Thursday, November 17, 2005

Adaptation and Climate Change

I read an interesting press release concerning who bears the brunt of climate change impacts see http://www.news.wisc.edu/11878.html. These researchers have the guts to forecast far into the future concerning likely impacts. Let me list them:

According to the UW-Madison and WHO team, other model-based forecasts of health risks from global climate change project that:

* Climate-related disease risks of the various health outcomes assessed by WHO will more than double by 2030.
* Flooding as a result of coastal storm surges will affect the lives of up to 200 million people by the 2080s.
* Heat related deaths in California could more than double by 2100.
* Hazardous ozone pollution days in the Eastern U.S. could increase 60 percent by 2050.

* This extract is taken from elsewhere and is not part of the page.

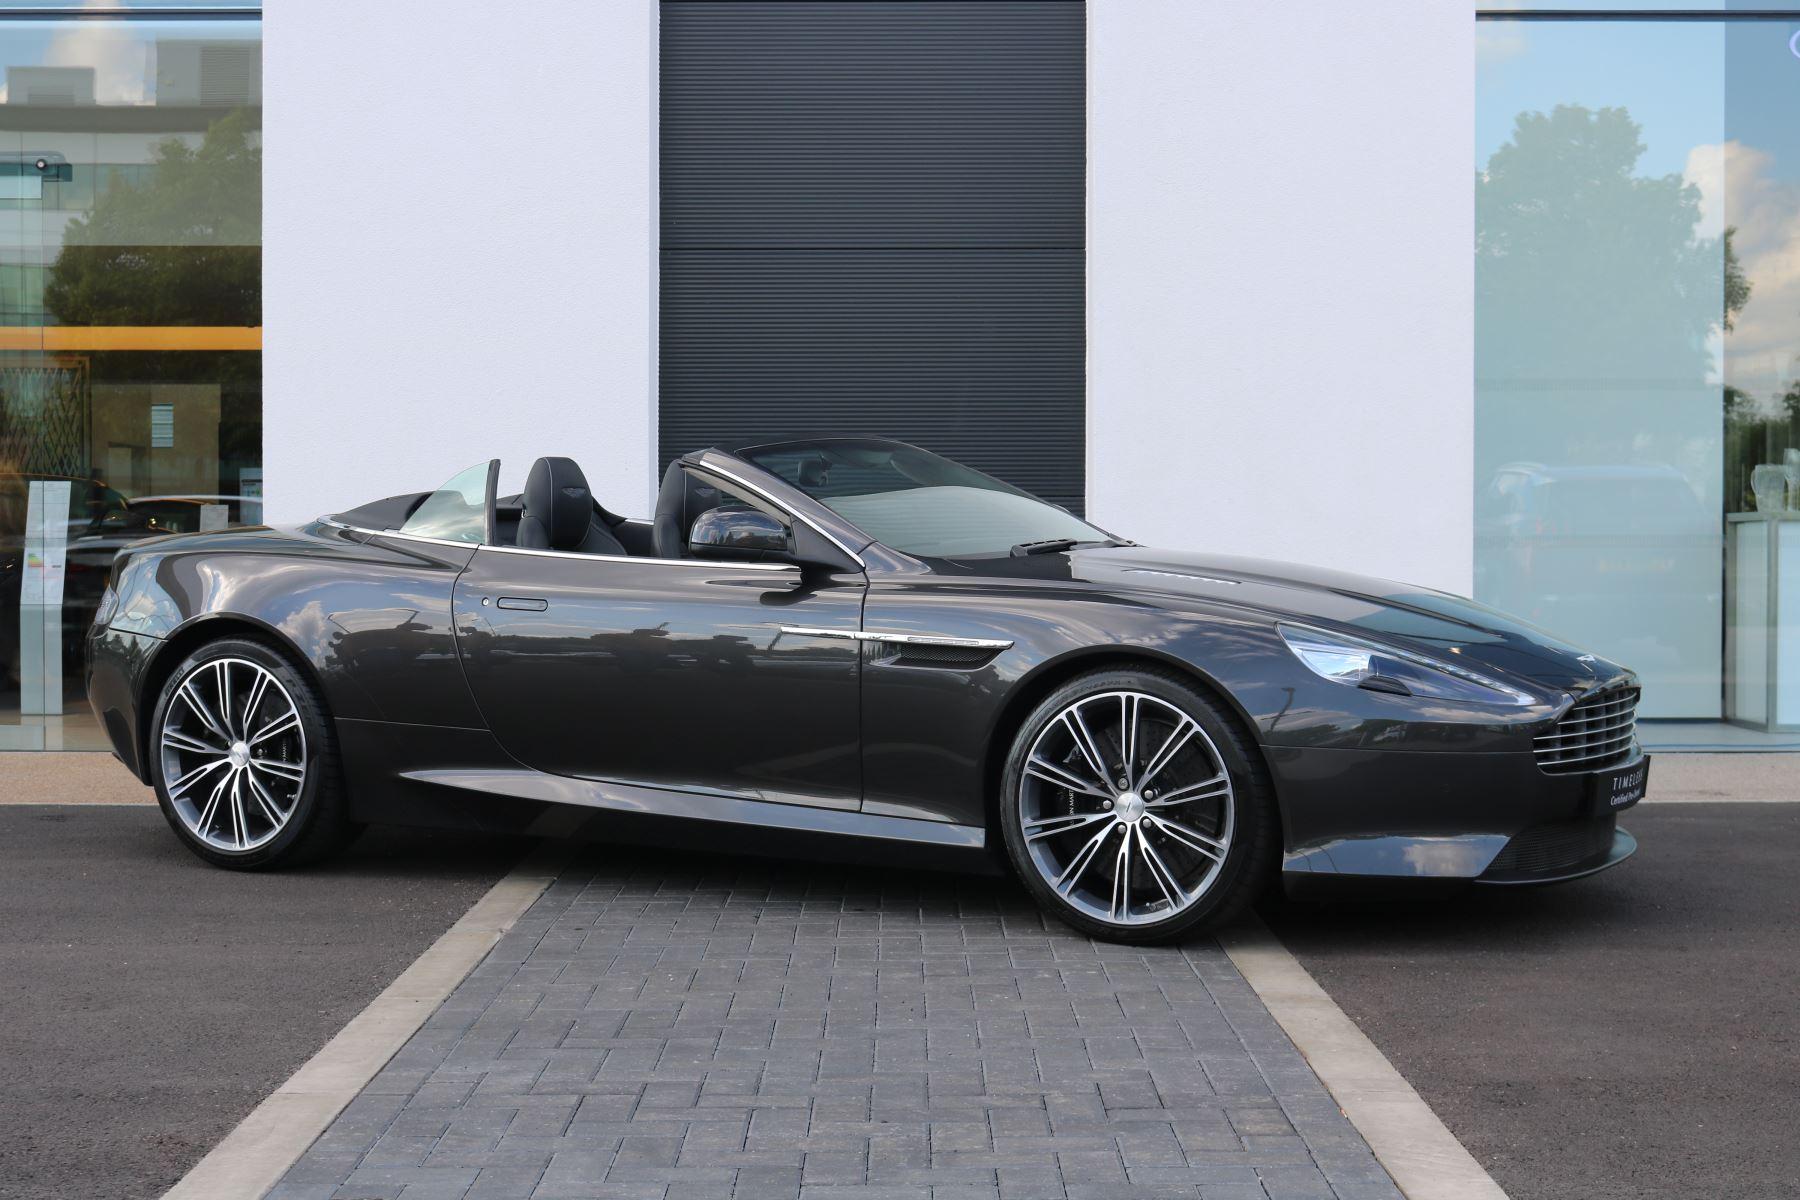 Aston Martin Virage V12 2dr Volante Touchtronic image 8

All of these outcomes are certainly possible but I don't understand what assumptions are being made concerning our ability to self protect and adapt to climate change. I would bet that these researchers are assuming a "worst case" scenario where we take no precautionary steps to mitigate climate change's worst effects.

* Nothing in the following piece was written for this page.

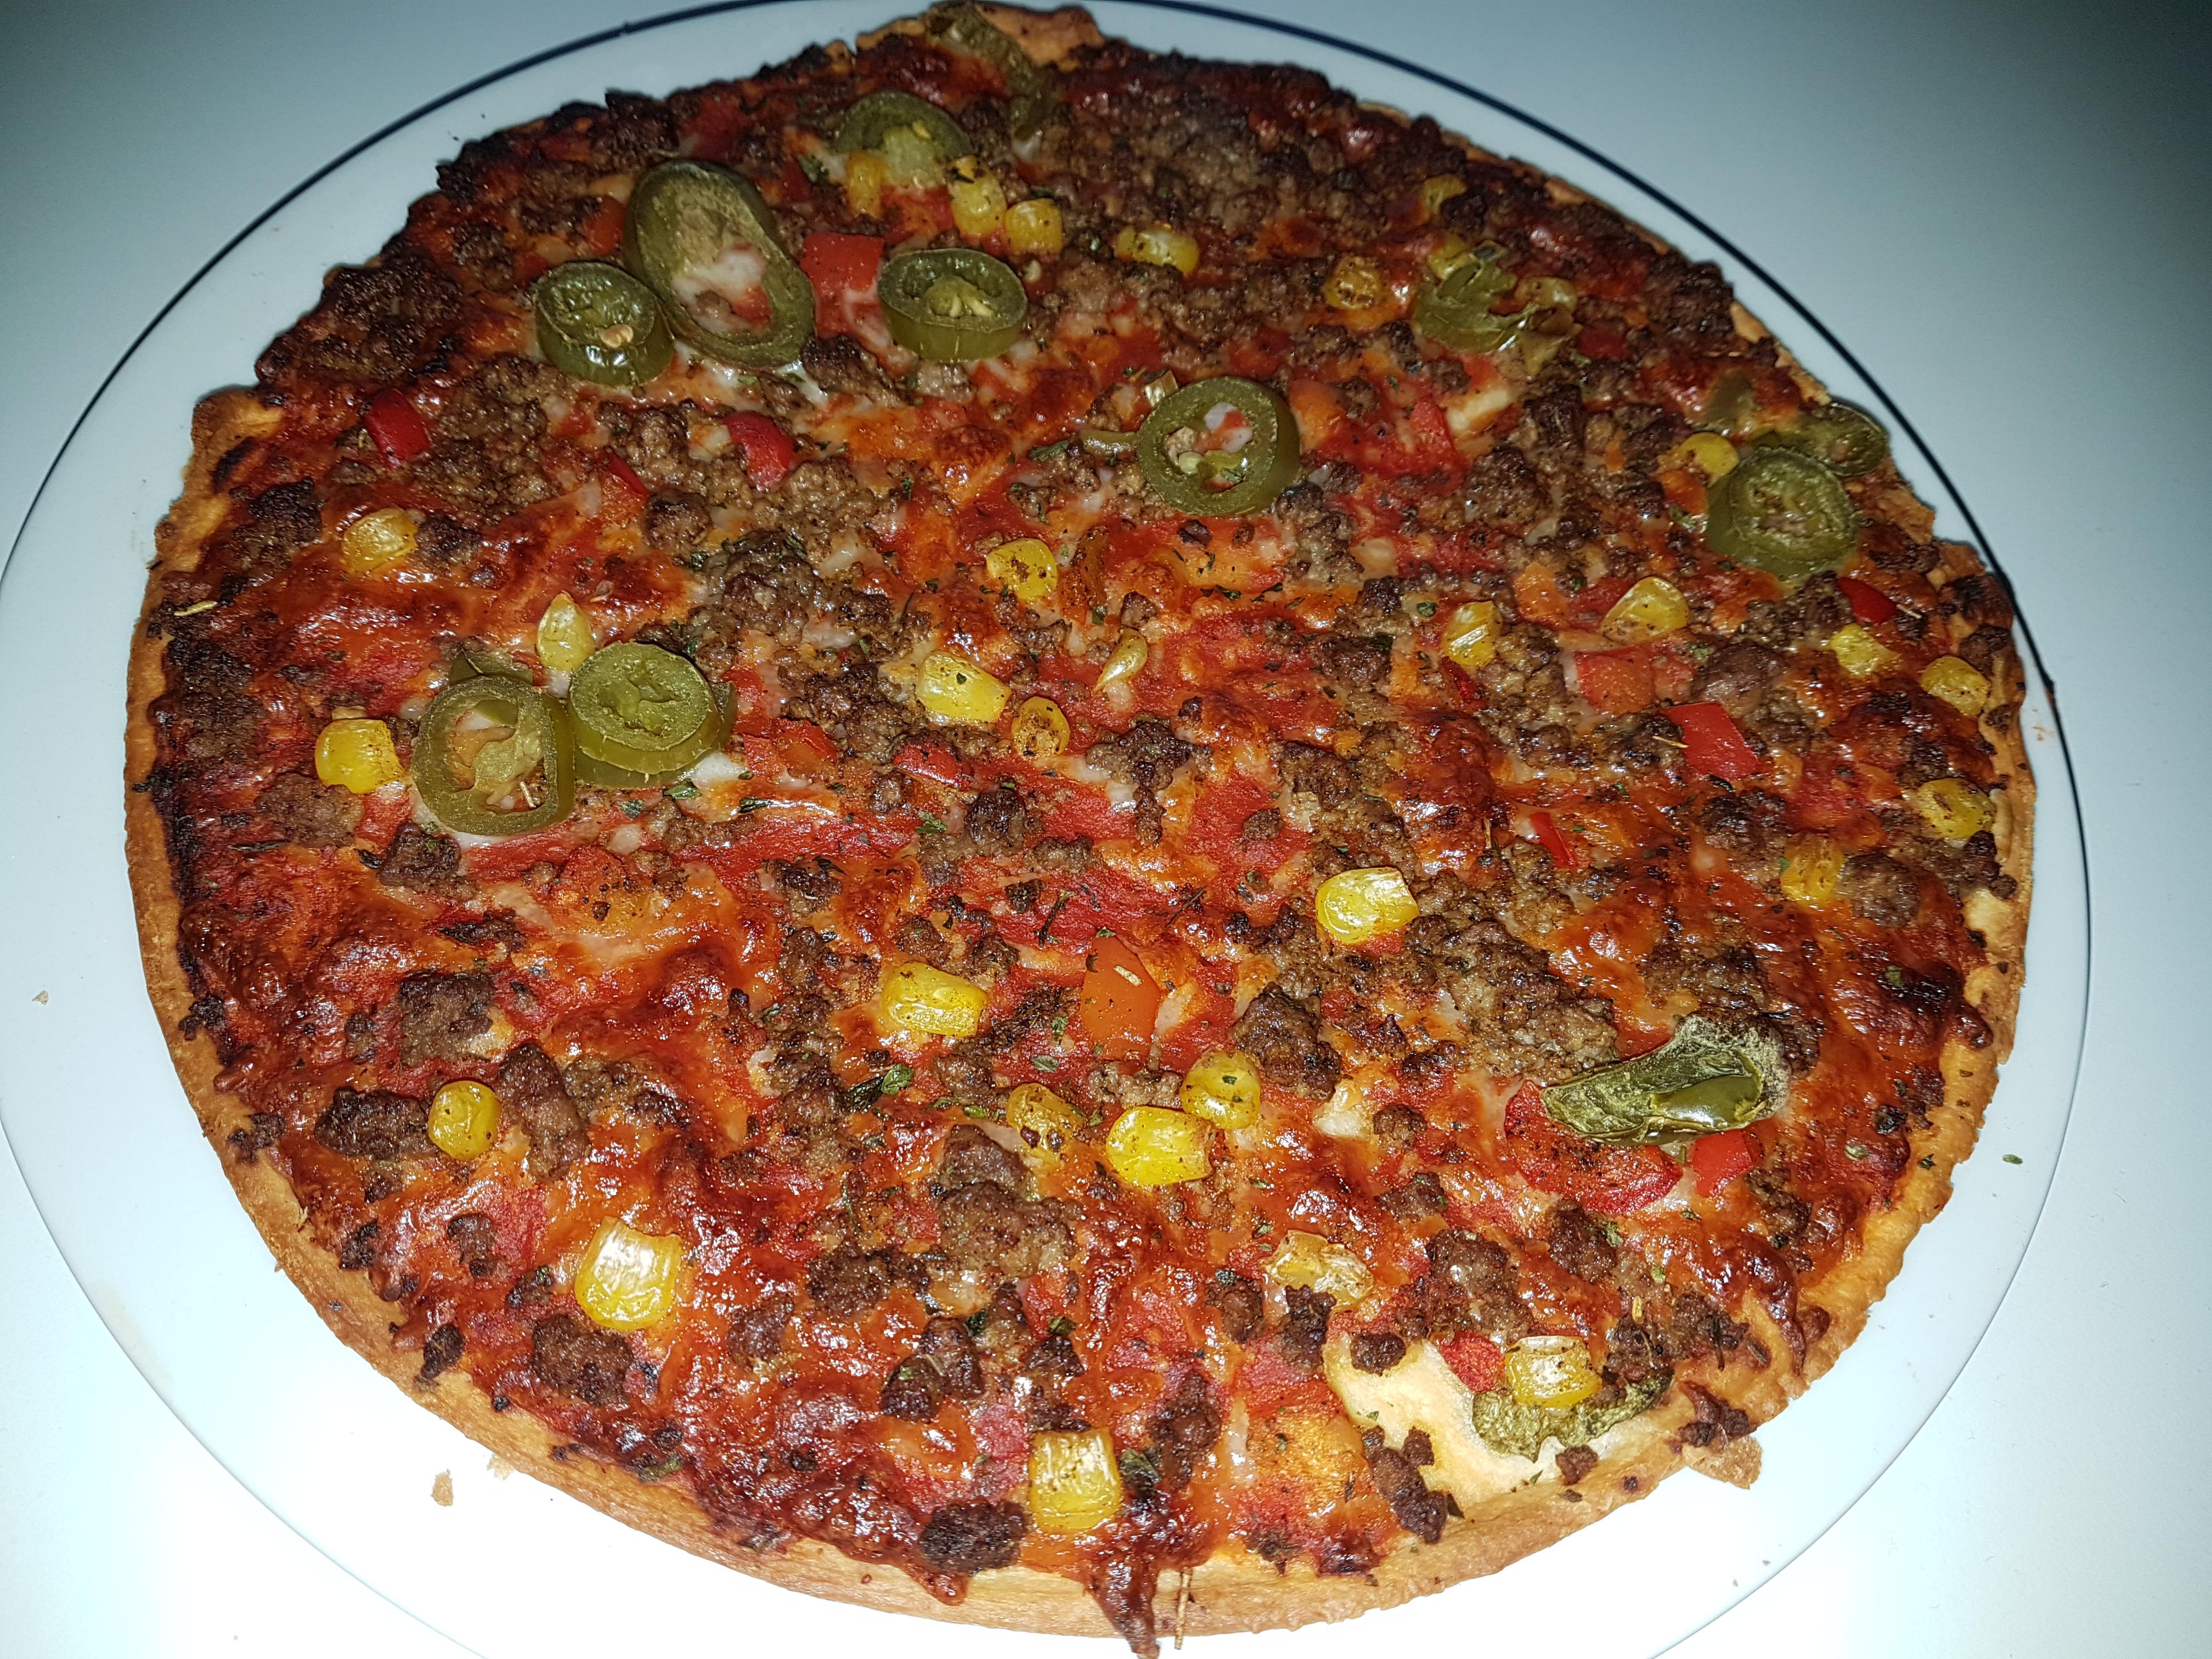 http://foodloader.net/Holz_2018-01-03_Pizza.jpg

Consider Flooding, I'm not an engineer but as we learned from Katrina in New Orleans and the levees infrastructure investments do make a difference in protecting a coastal population. If we have 75 years to get the technology in place and pay for it, how much would anti-flooding investments cost and how much could these devices protect us against the extra flooding caused by climate change?

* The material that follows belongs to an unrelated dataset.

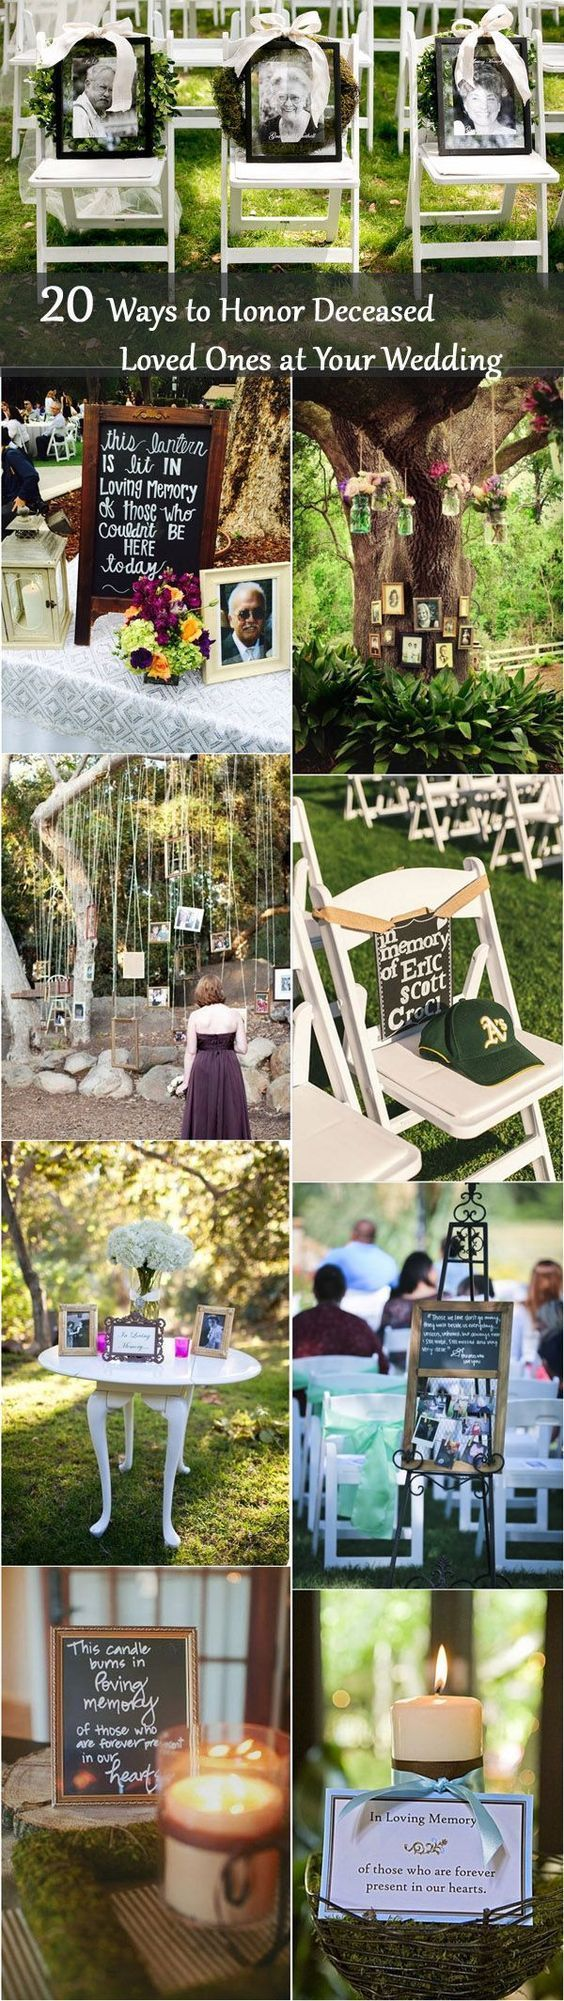 Wedding decorations unique  unique wedding ideas to honor lost loved ones

Similarly with respect to heat, if weather forecasting improves and weathermen are able to predict next week's weather is it really true that in the face of a coming "Heat Wave", if people know the heat wave is coming will they really go jogging outside those days? There is a growing environmental economics literature documenting that people respond to information regulation. We see this with respect to Smog Alerts in Los Angeles. Similar "Heat Alerts" will reduce the death count from hot days. I do agree that the number of deaths in Chicago a few years ago from that Heat Wave was shocking. The urban poor may need resources to help them cope with such shocks.

Hazardous ozone days in the Northeast are likely to take place in July and August. The population, especially those who are susceptible to ozone pollution, may have to learn to take vacations during those months to avoid exposure and get away from affected areas. My general point here is to not under-estimate the ability of the population to adapt. It may be hard for social scientists to measure adaptation, the most educated might be the best at adapting but this force will help reduce the quality of life impacts of climate change.

2 comments :

David Jeffery, Australia said...

Good points. Forecasts about future effects should state the assumptions upon which those forecasts are based. And we need to have a debate about what mix of strategies we use to deal with climate change - how much we avoid climate change by reducing emissions and how much we accept and adapt to climate change.

But just as bad as accepting forecasts unquestioningly is assuming that economic growth and technological advancements will mean we can do nothing now and just sort out the problems when they occur in decades' time. We need to start preparing for this.

boy labyog said...

We have no choice but only Climate adaptation.